=== Begin Enclosure ===
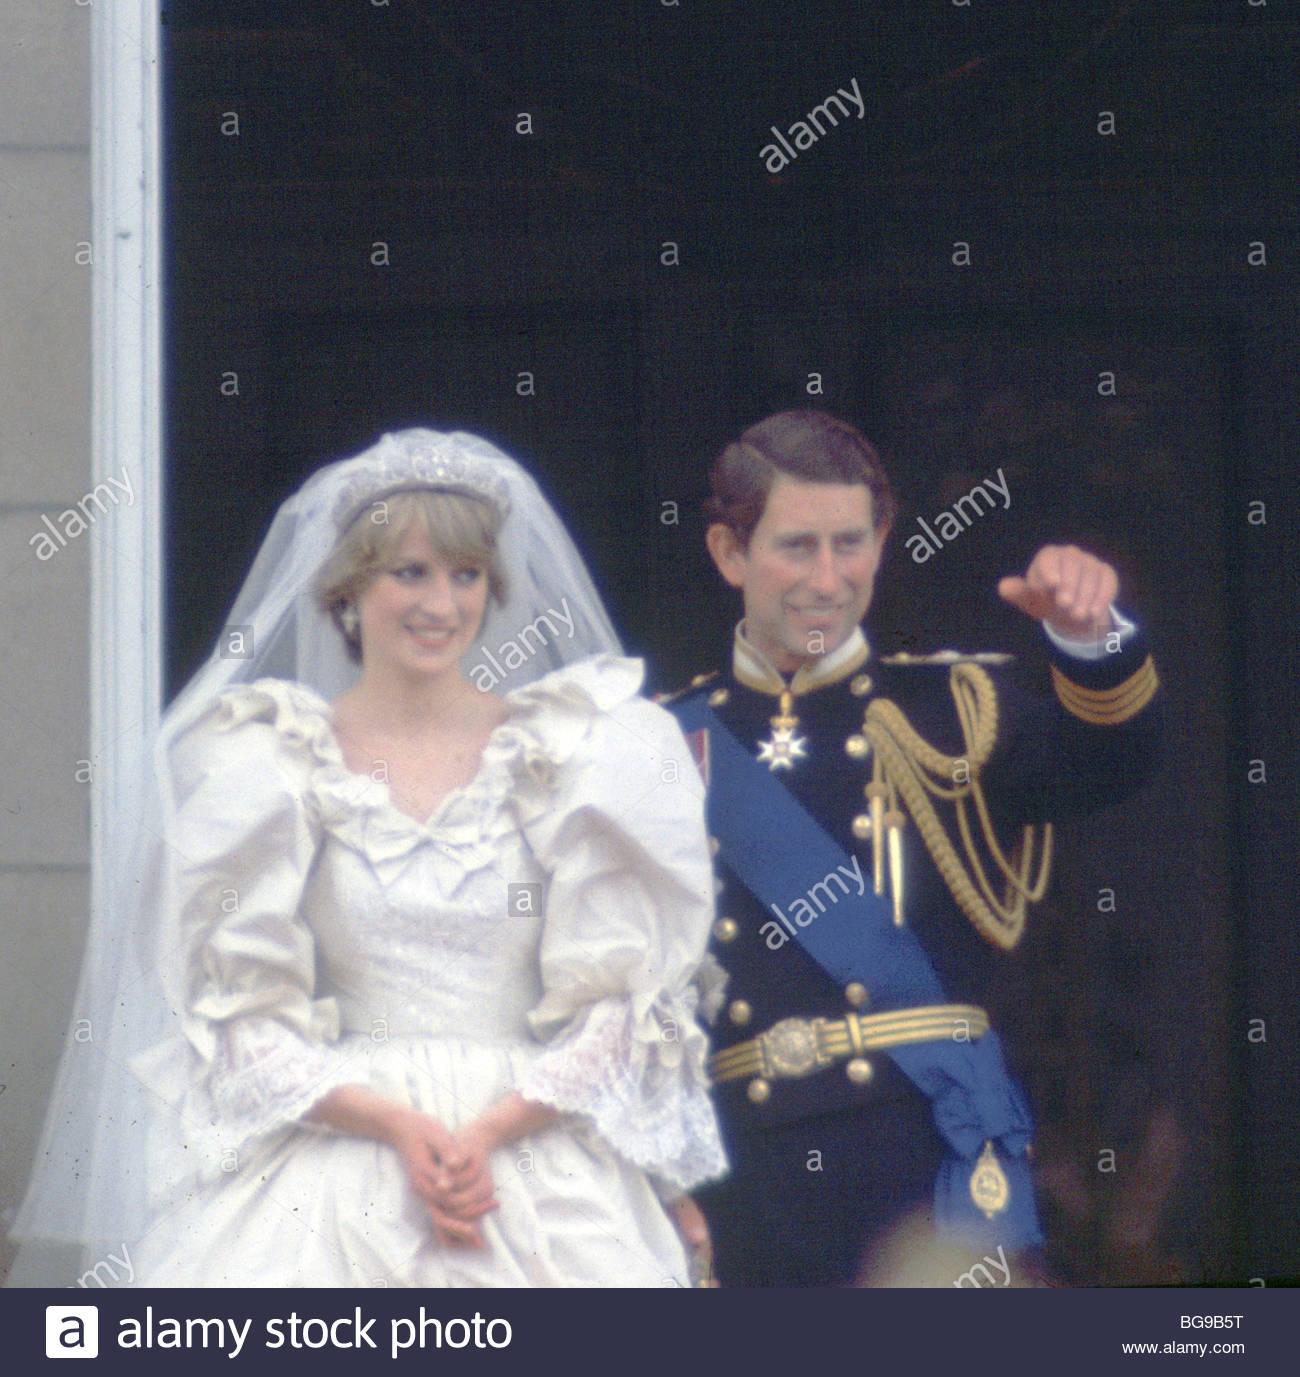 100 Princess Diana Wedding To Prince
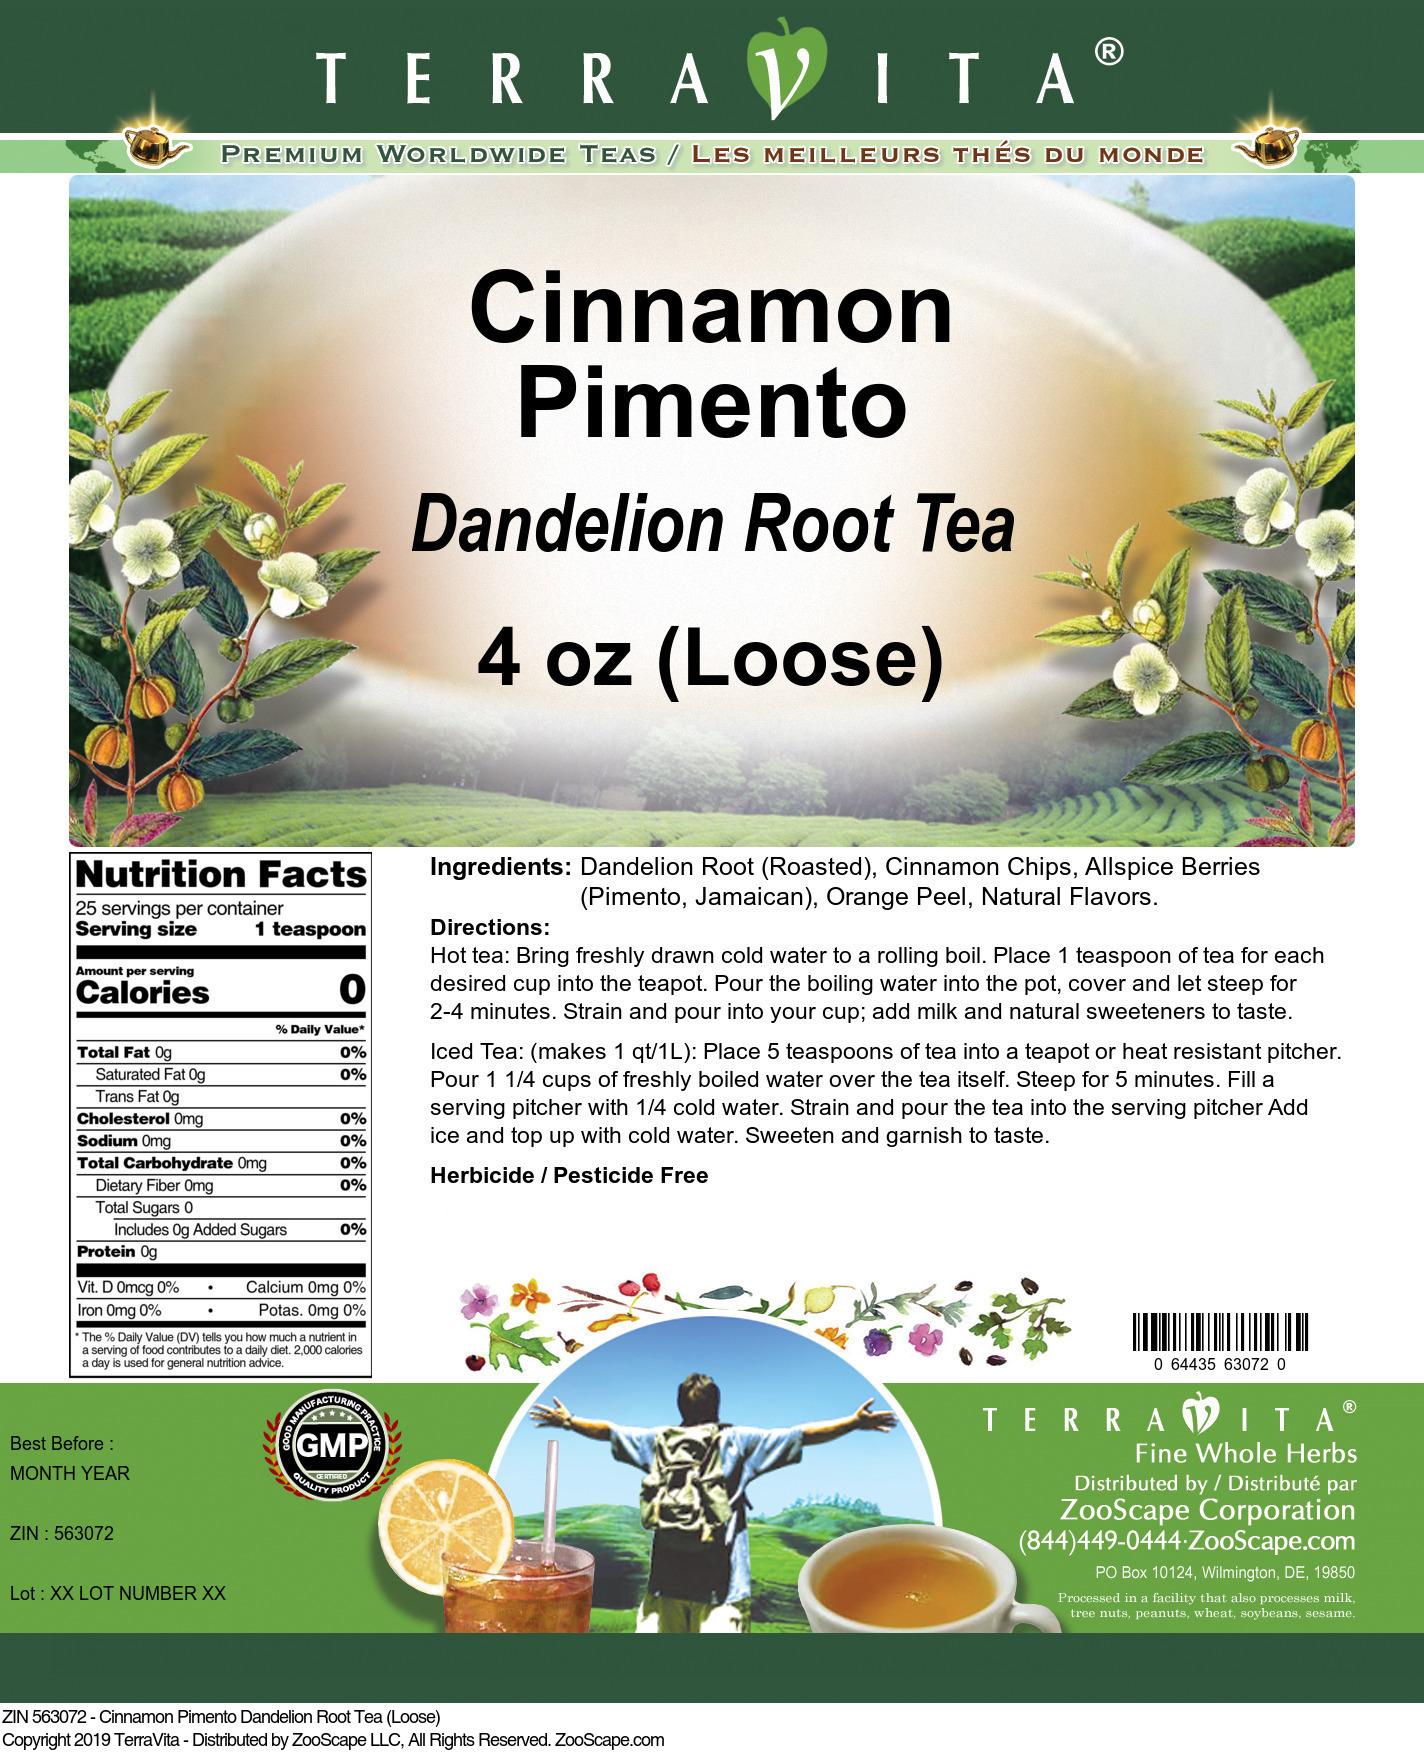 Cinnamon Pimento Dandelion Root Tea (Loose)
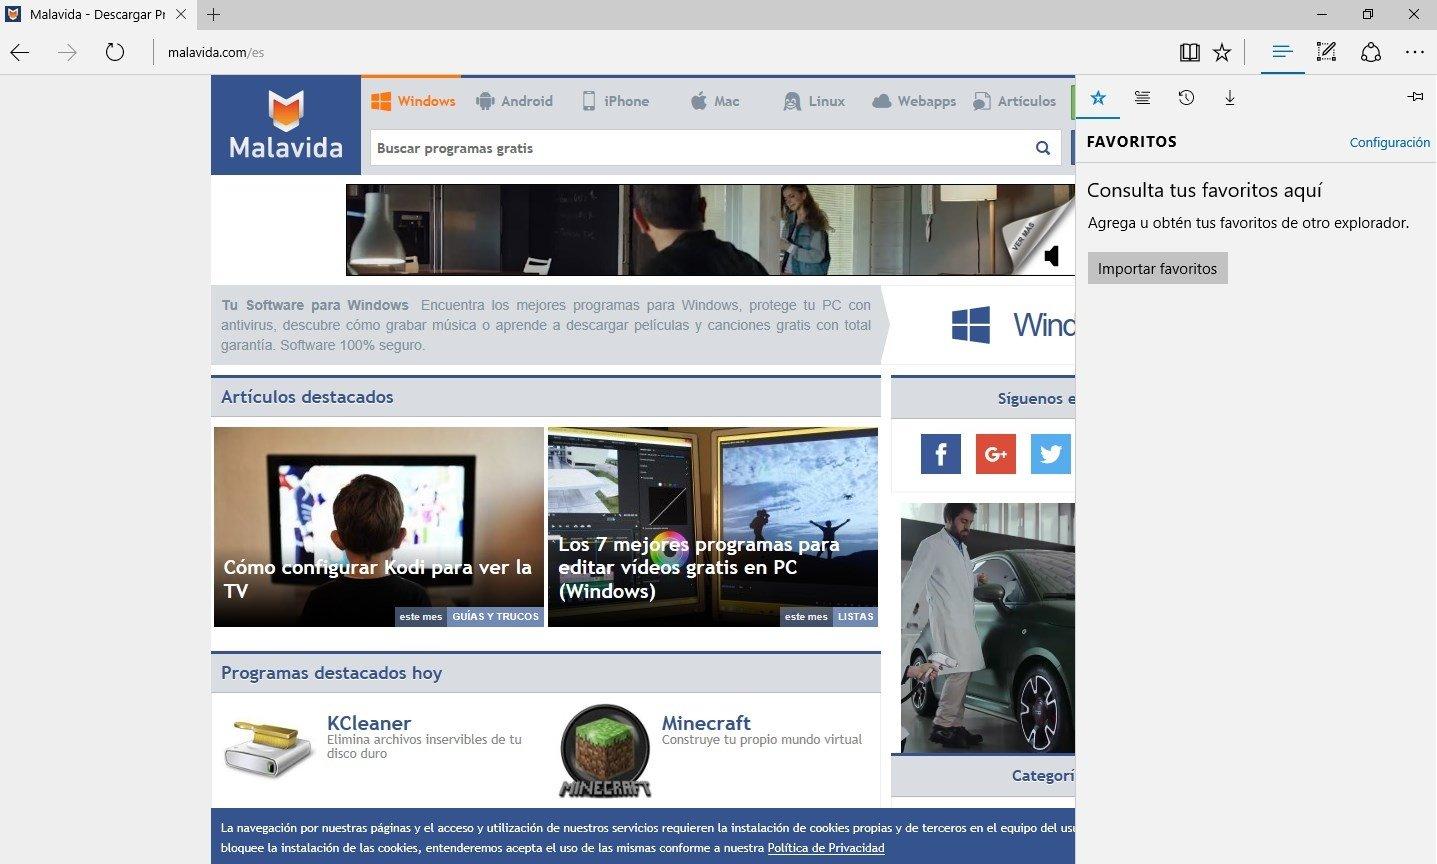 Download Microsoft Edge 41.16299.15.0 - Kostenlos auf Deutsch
=== End Enclosure ===
TASK ITEM
Give the material above again exactly as it stands, minus any images.

ANSWER SPACE
 100 Princess Diana Wedding To Prince
 Cinnamon Pimento Dandelion Root Tea (Loose)
 Download Microsoft Edge 41.16299.15.0 - Kostenlos auf Deutsch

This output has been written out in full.